**EXERCISE DATA**:
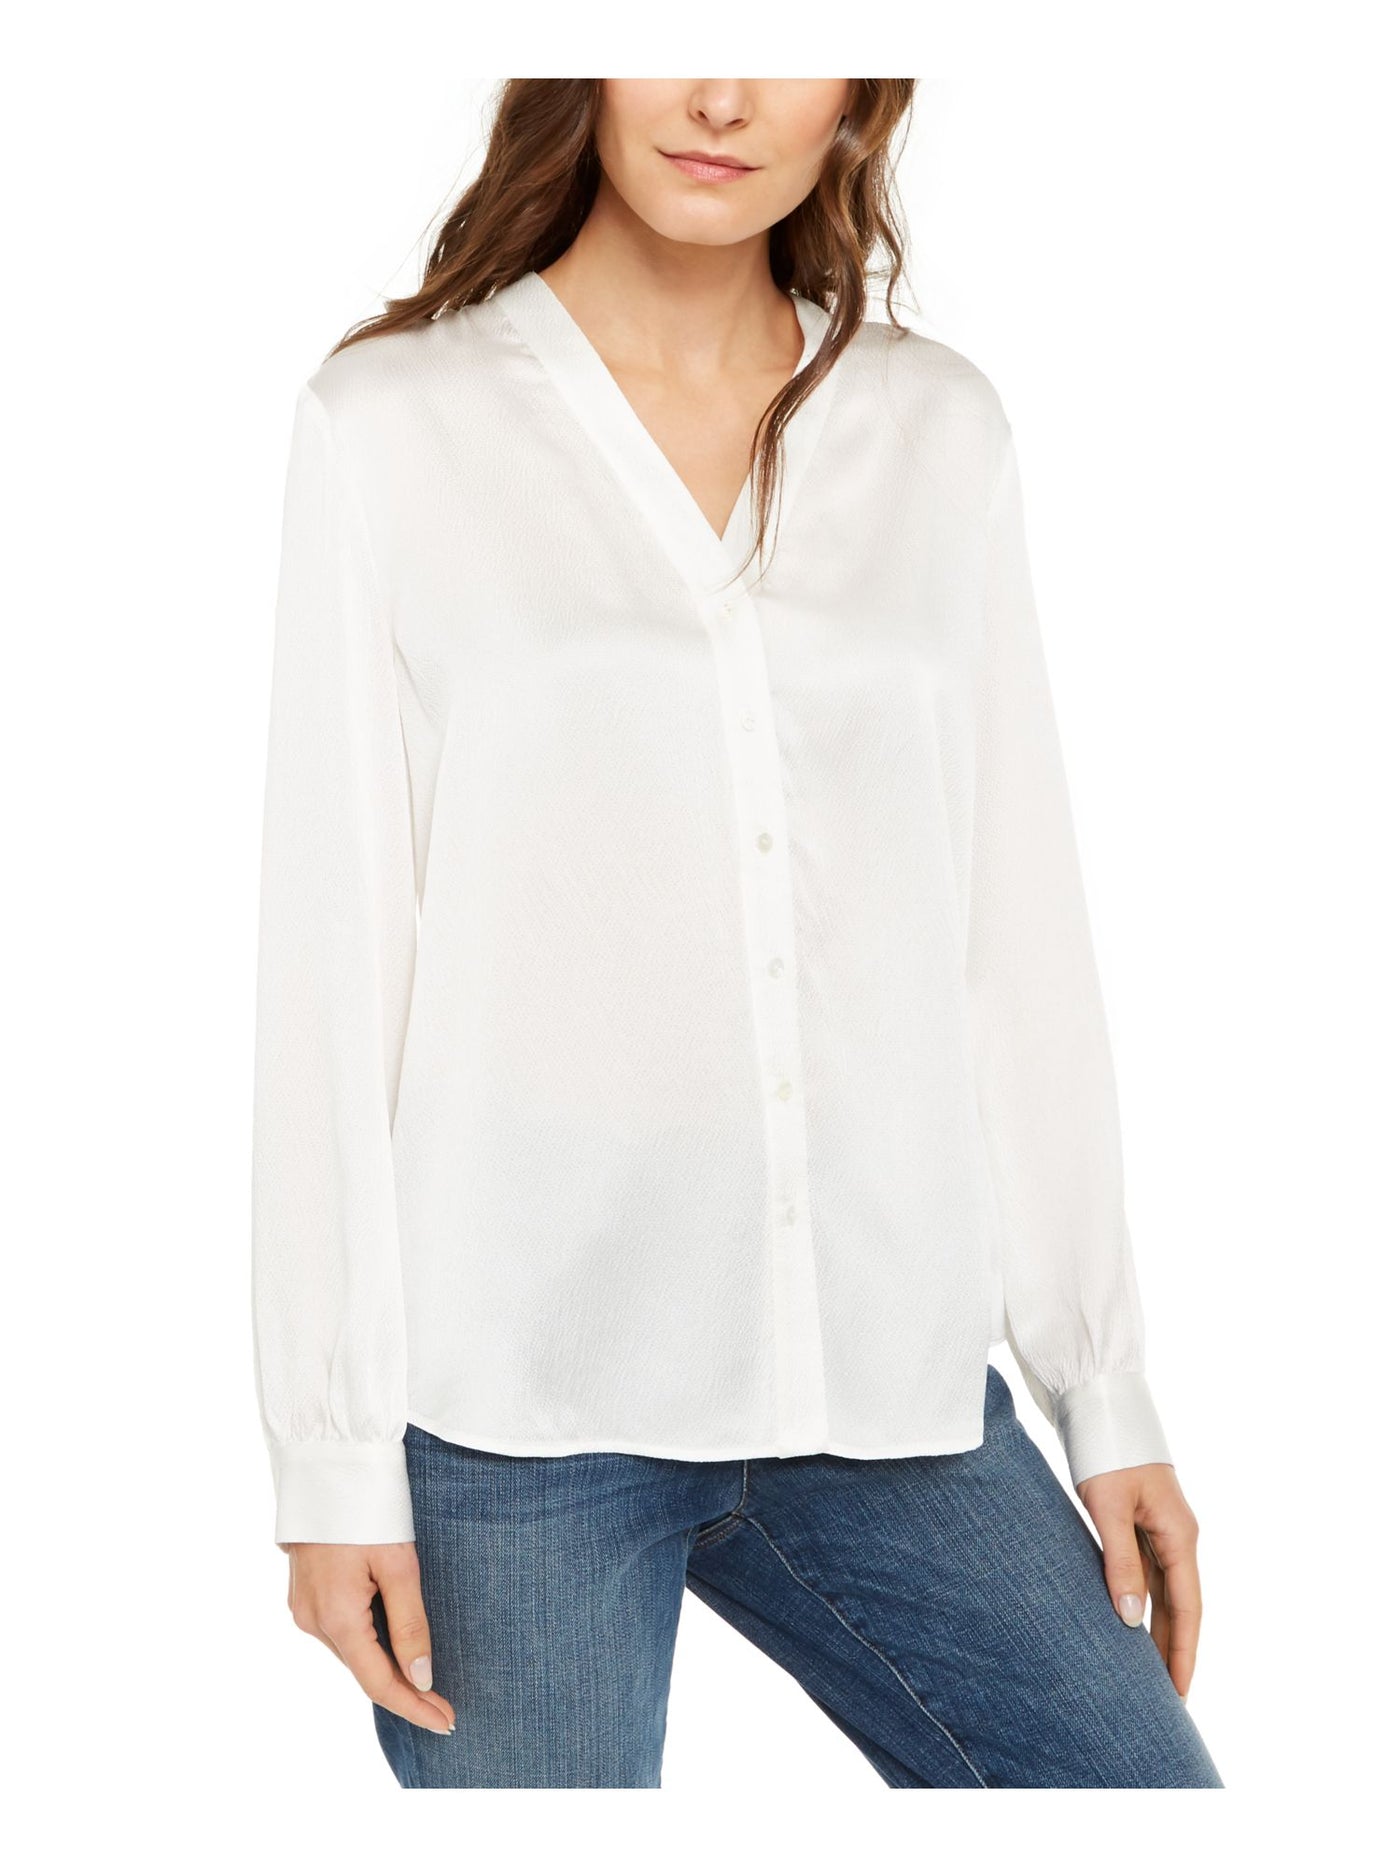 EILEEN FISHER Womens Ivory Long Sleeve With Buttons Top L
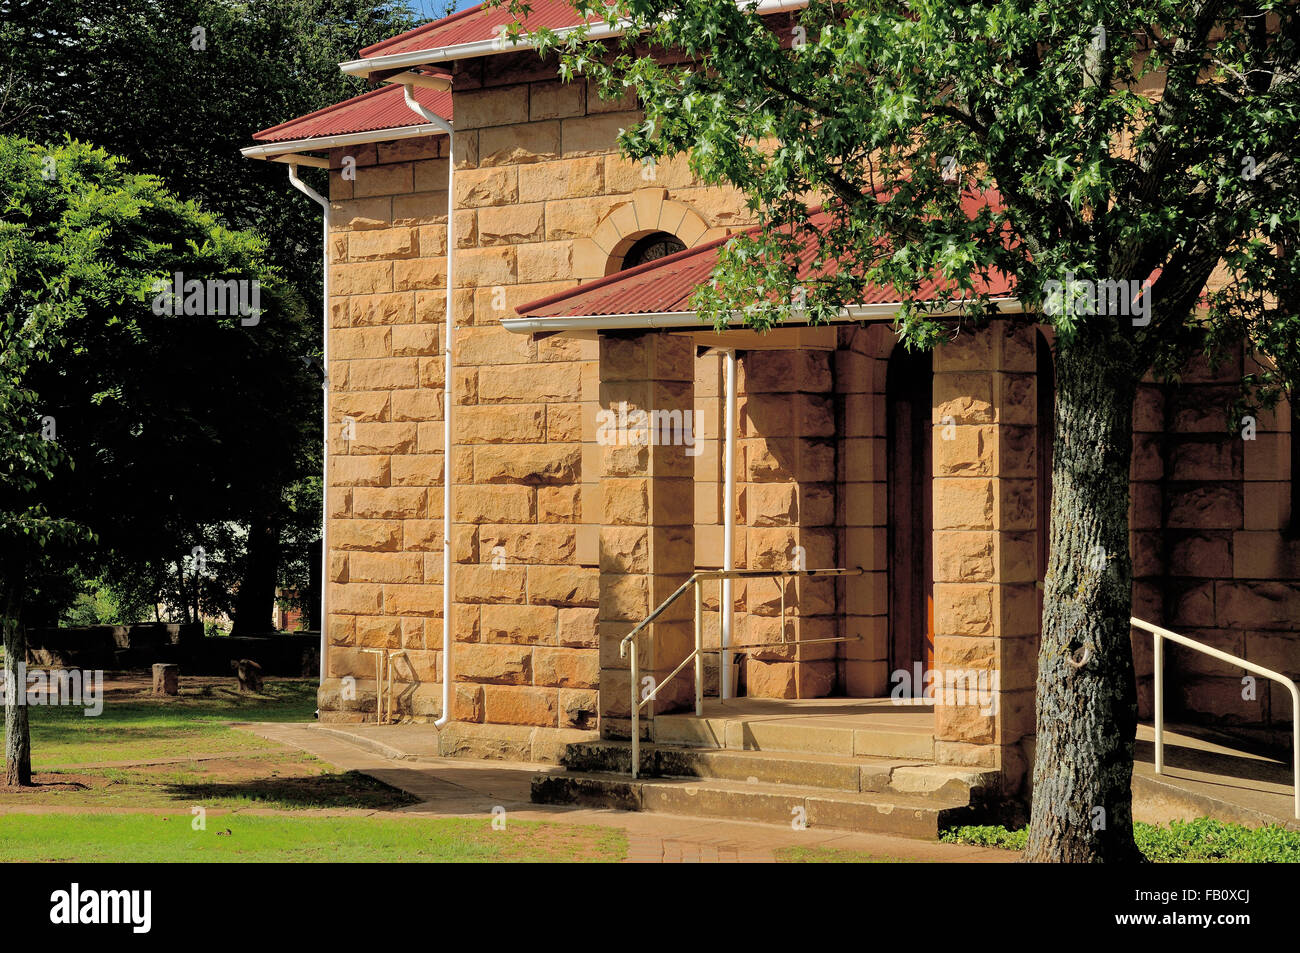 Excellent example of sandstone building. Dutch Reformed Church, Clarens South Africa Stock Photo
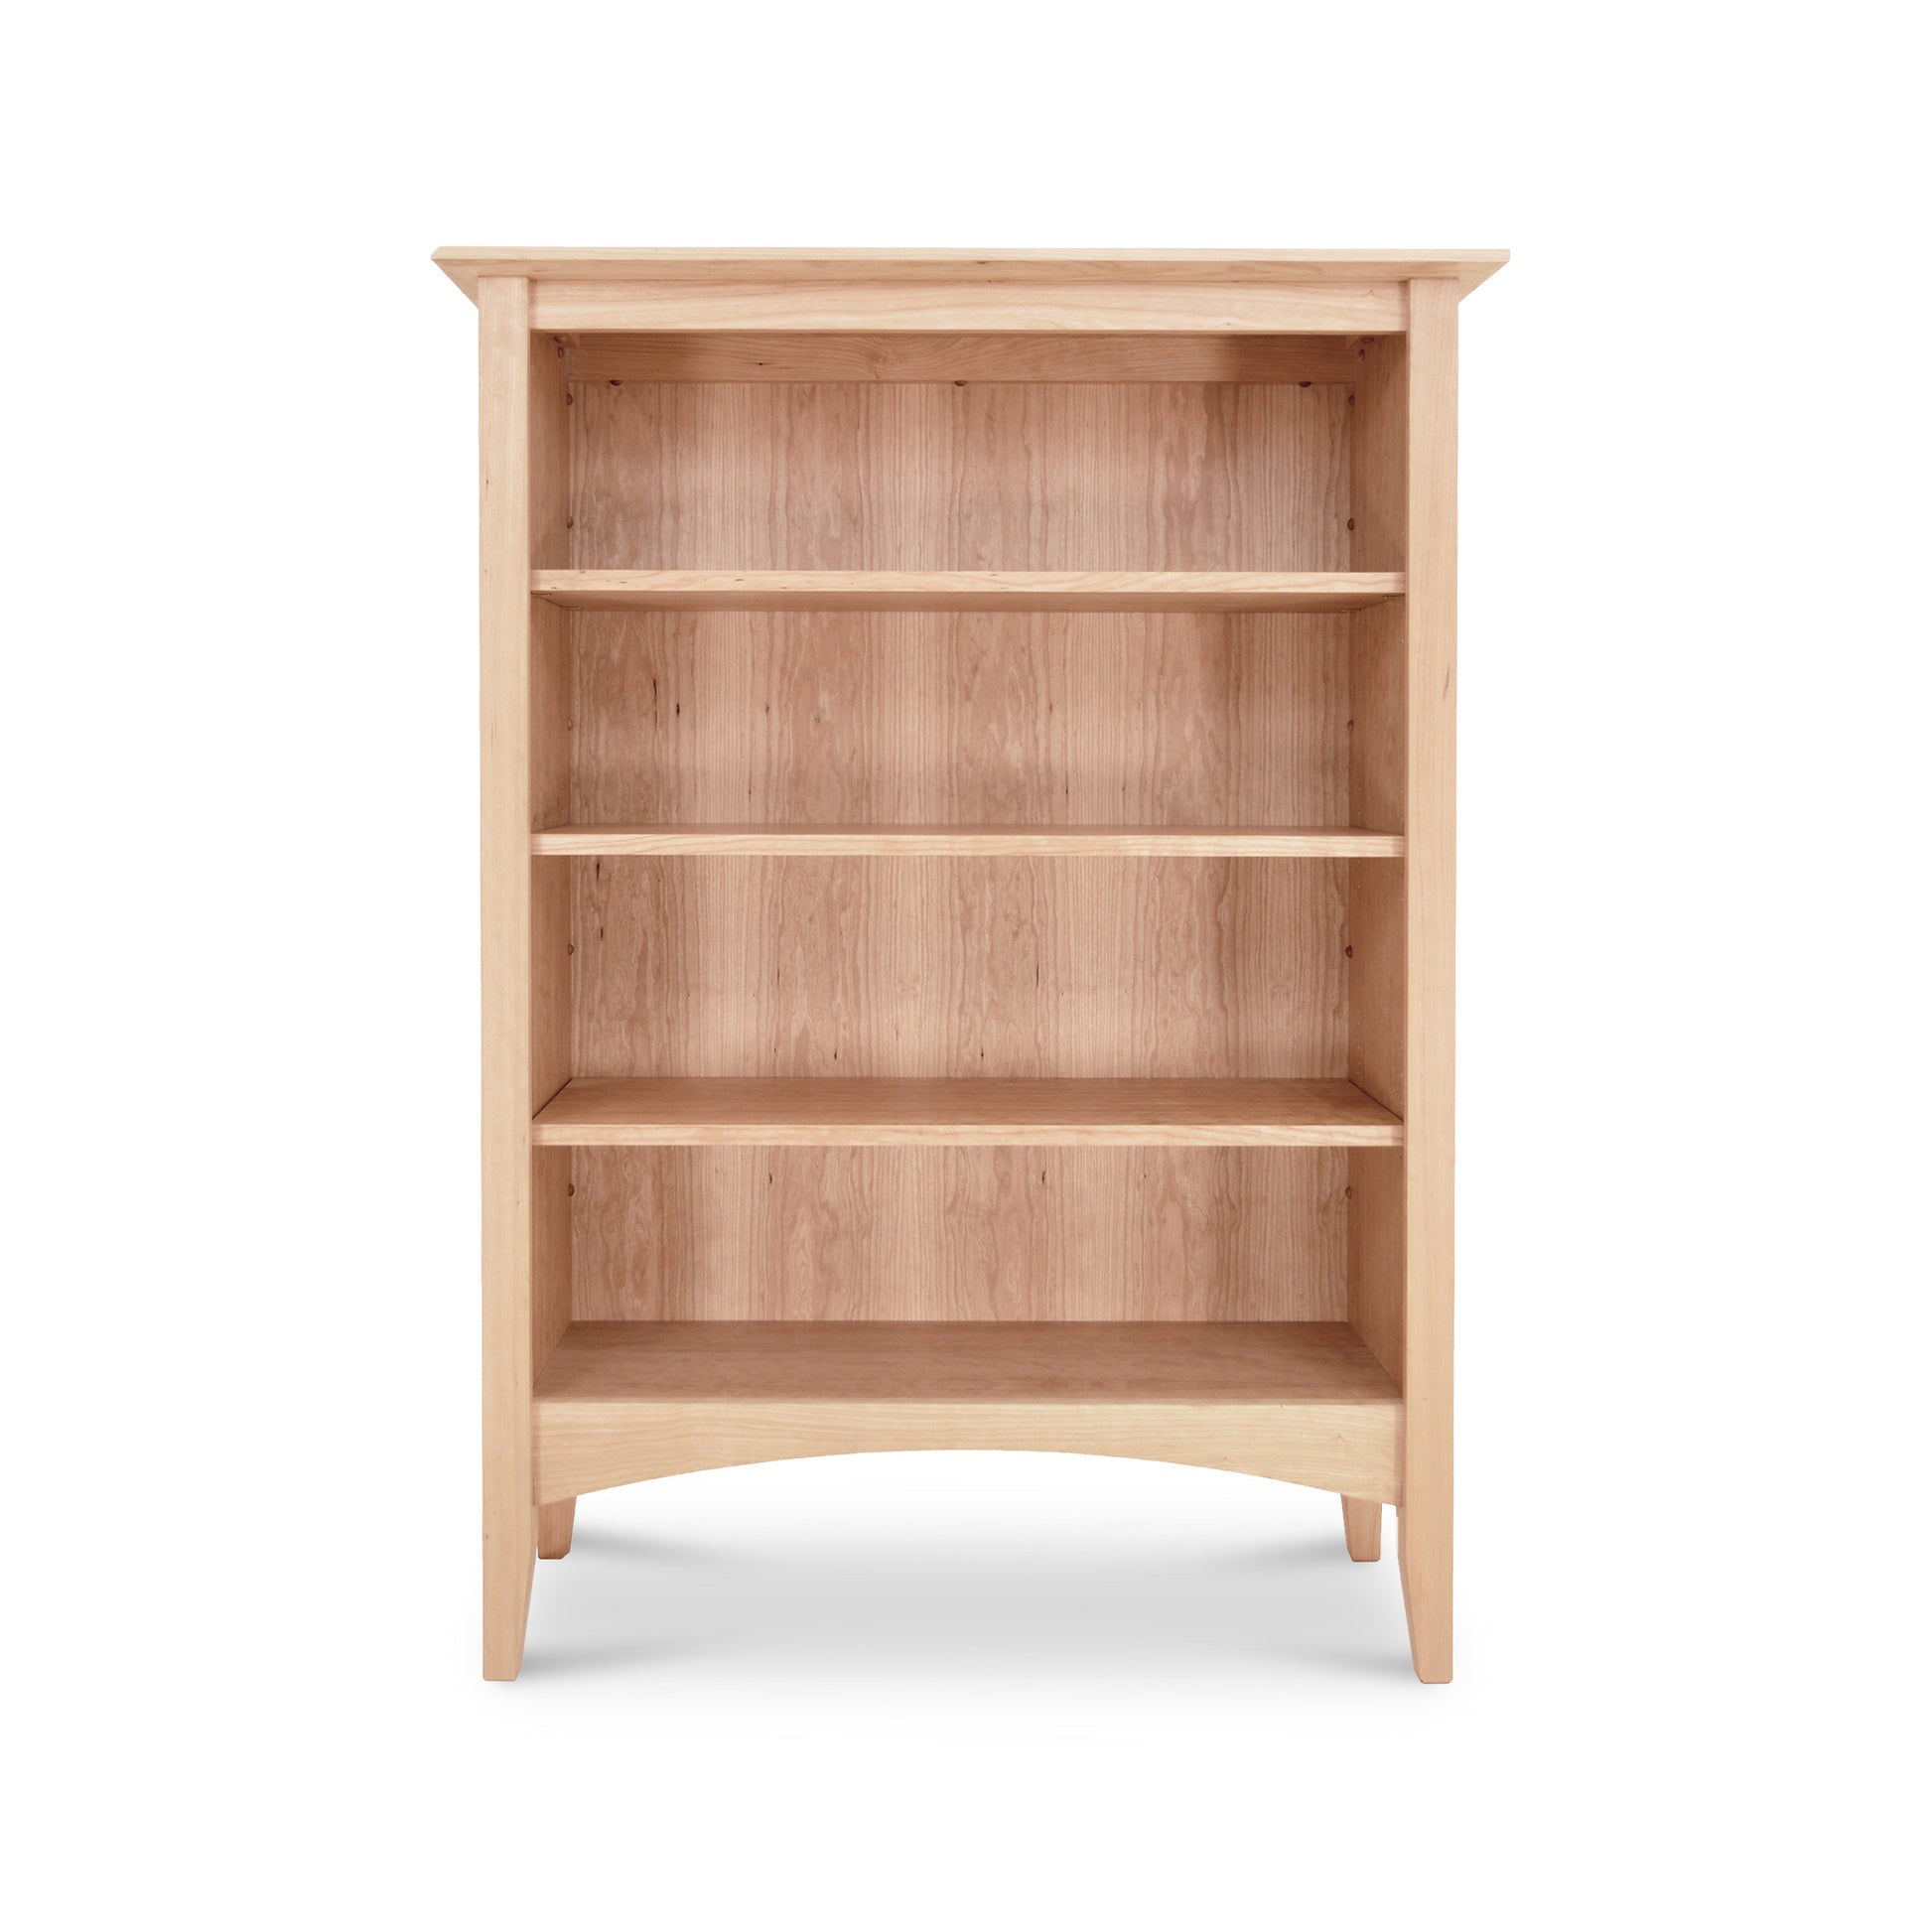 An American Shaker Bookcase from Maple Corner Woodworks, made of sustainably harvested hardwoods, placed on a white background.

**WHAT IS REQUIRED**:
Would you output the data exactly, without any of its images?

**RESPONSE TO THE TASK**:
 EILEEN FISHER Womens Ivory Long Sleeve With Buttons Top L
 Excellent example of sandstone building. Dutch Reformed Church, Clarens South Africa Stock Photo
 An American Shaker Bookcase from Maple Corner Woodworks, made of sustainably harvested hardwoods, placed on a white background.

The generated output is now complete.